Толковый словарь по нейросетям и искусственному интеллекту
Заморозка текстового энкодера
Категория термина
Заморозка текстового энкодера (Text Encoder Freeze) — это техника обучения нейросетей, при которой параметры текстового энкодера (например, CLIP в Stable Diffusion) фиксируются и не обновляются во время тренировки.

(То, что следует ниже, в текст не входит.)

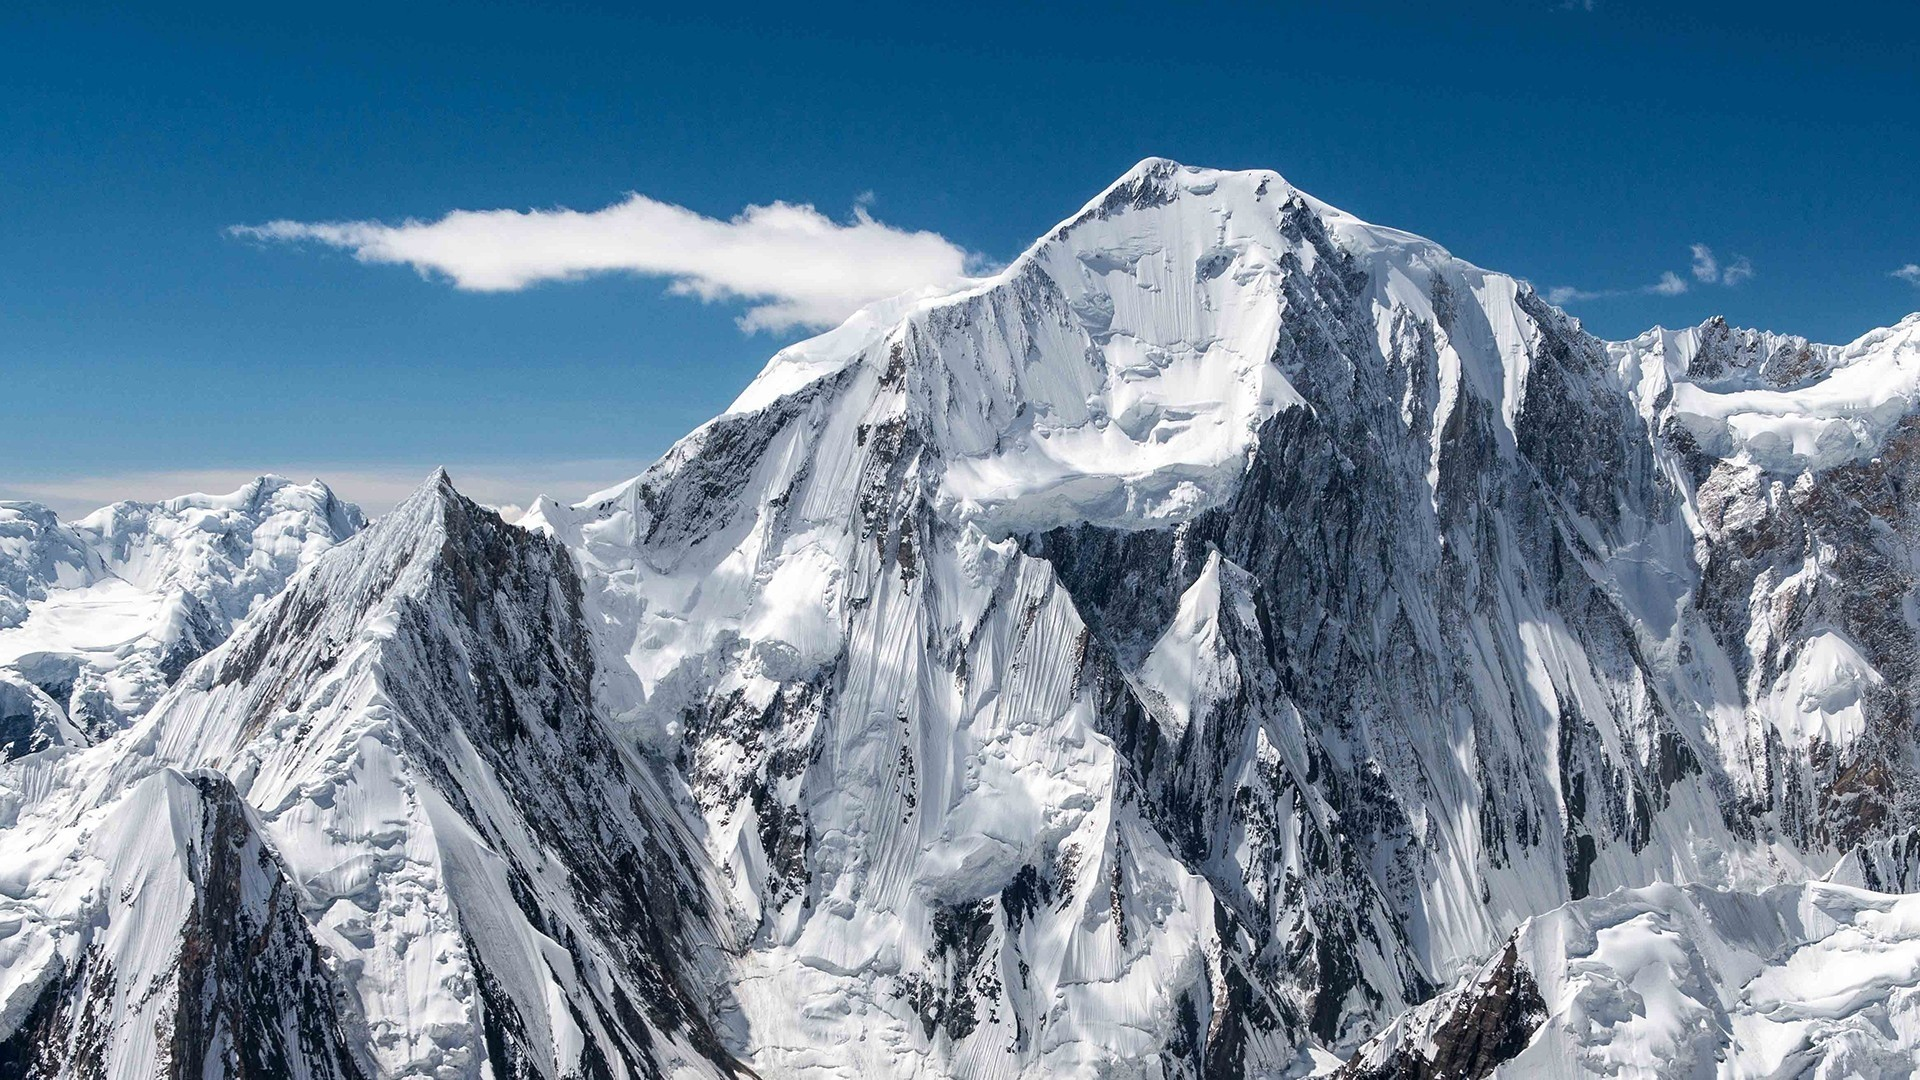 Snow Mountain PC Wallpaper

Такой подход используется для экономии вычислительных ресурсов и предотвращения «разрушения» уже хорошо обученного представления текста.
🧠 Механизм работы
- При обучении модели энкодер переводит текстовые промпты в векторы признаков.

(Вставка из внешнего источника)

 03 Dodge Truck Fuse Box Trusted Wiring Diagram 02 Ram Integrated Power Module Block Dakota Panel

- В режиме freeze веса энкодера остаются постоянными, а обучение затрагивает только другие части модели (например, UNet или дополнительные LoRA-слои).
- Это ускоряет процесс и снижает требования к памяти, так как уменьшается количество оптимизируемых параметров.
🔑 Особенности
- Применяется в интерфейсах Kohya_SS и других инструментах для дообучения Stable Diffusion.
- Может быть частичной (замораживаются только нижние слои) или полной.
- Используется в LoRA, Textual Inversion и fine-tuning.
📌 Примеры применения
- Обучение LoRA для генерации стиля художника без изменения понимания языка.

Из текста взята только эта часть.